__TASK ITEM__: Look below for the line containing "週年紀念特別影片 新上市「V 進化」卡片曝光"; from there through the line containing "Nakhimov College in St. Petersburg 41", both lines included, please set down each line exactly and nothing else.

__DATA RECORDS__:
*-*-*

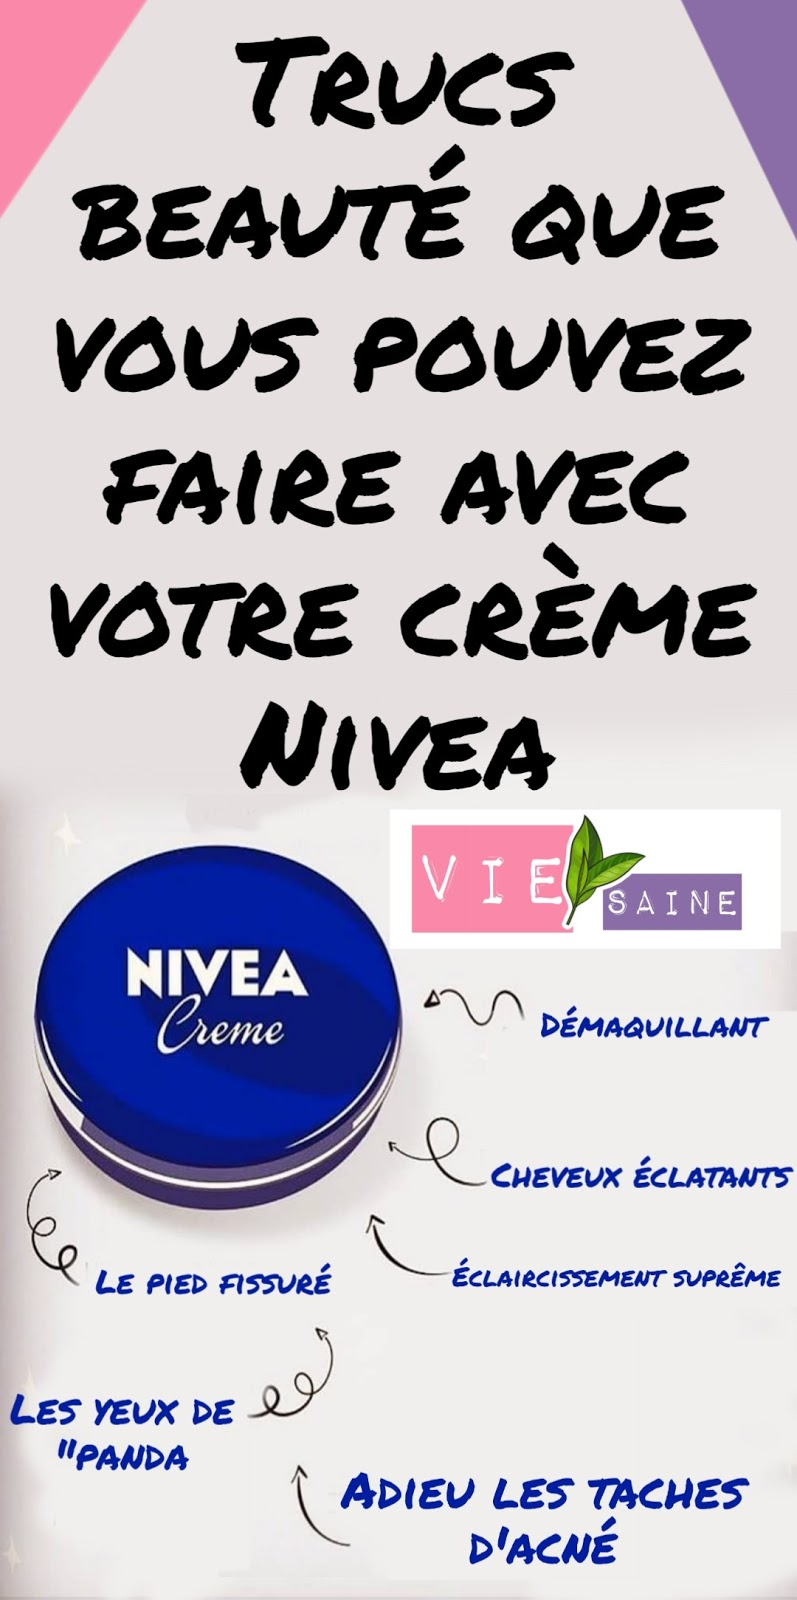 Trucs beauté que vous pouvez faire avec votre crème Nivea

*-*-*

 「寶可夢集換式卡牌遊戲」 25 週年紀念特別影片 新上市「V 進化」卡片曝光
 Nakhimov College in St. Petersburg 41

*-*-*

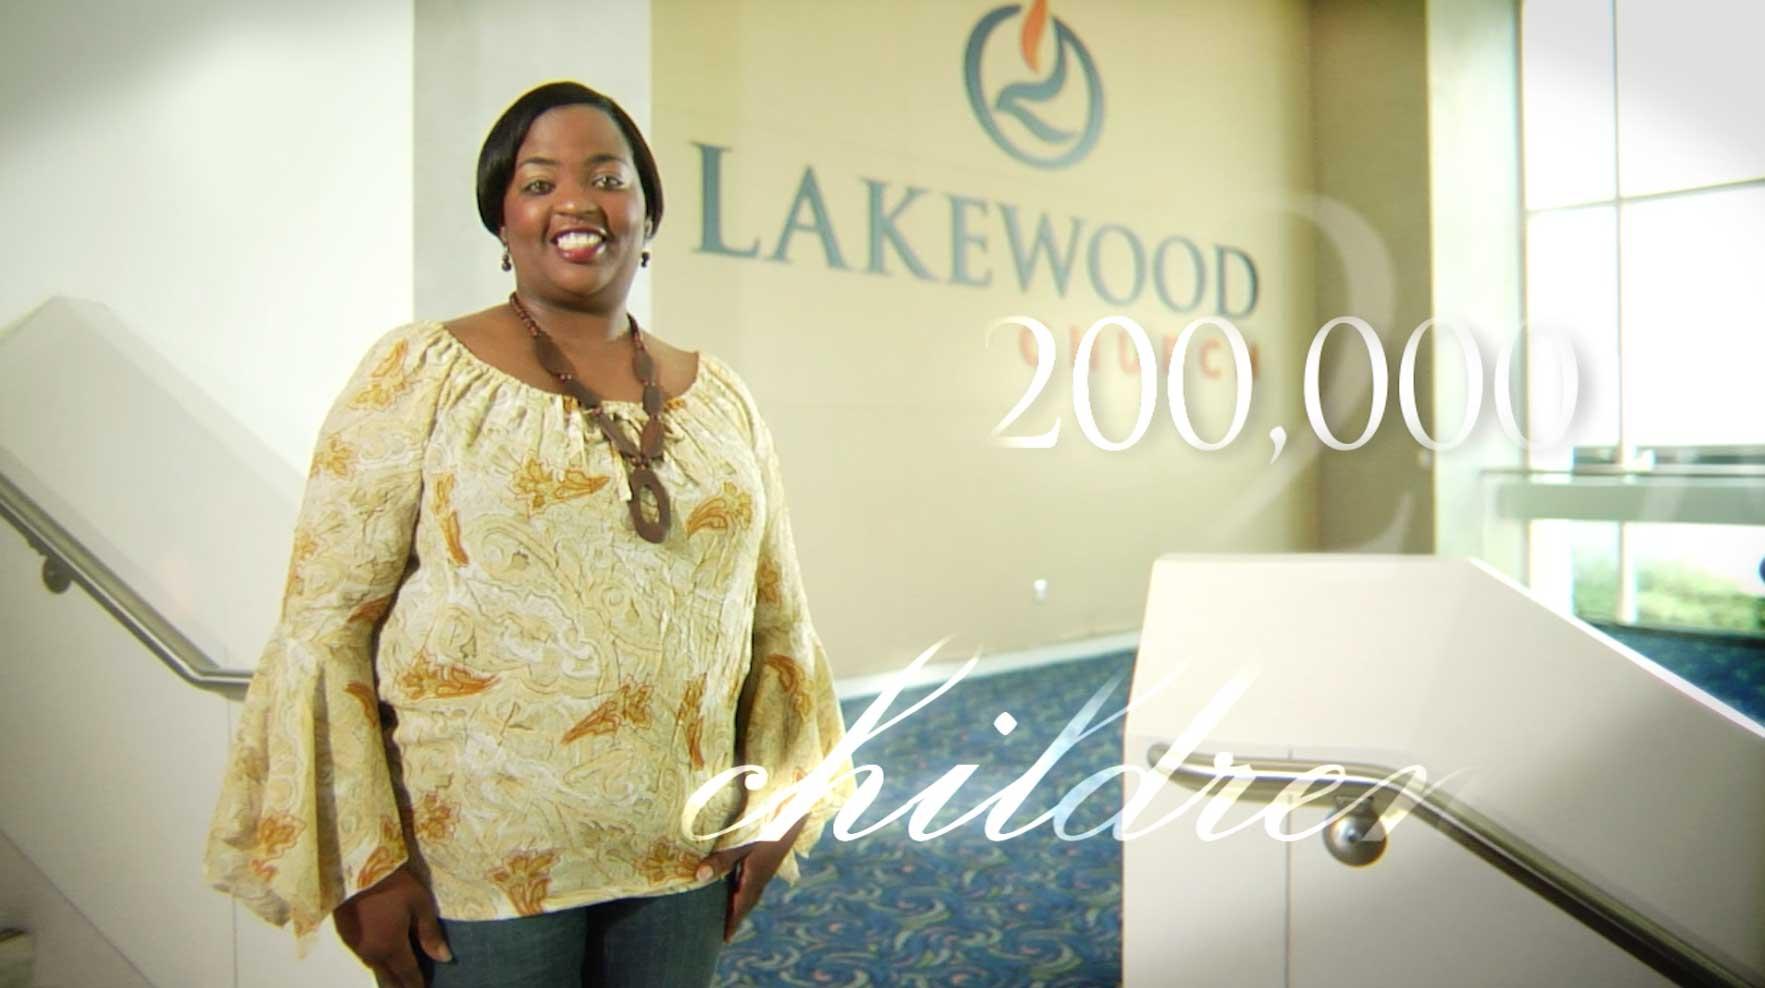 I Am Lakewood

*-*-*

__TASK SOLUTION__:
 「寶可夢集換式卡牌遊戲」 25 週年紀念特別影片 新上市「V 進化」卡片曝光
 Nakhimov College in St. Petersburg 41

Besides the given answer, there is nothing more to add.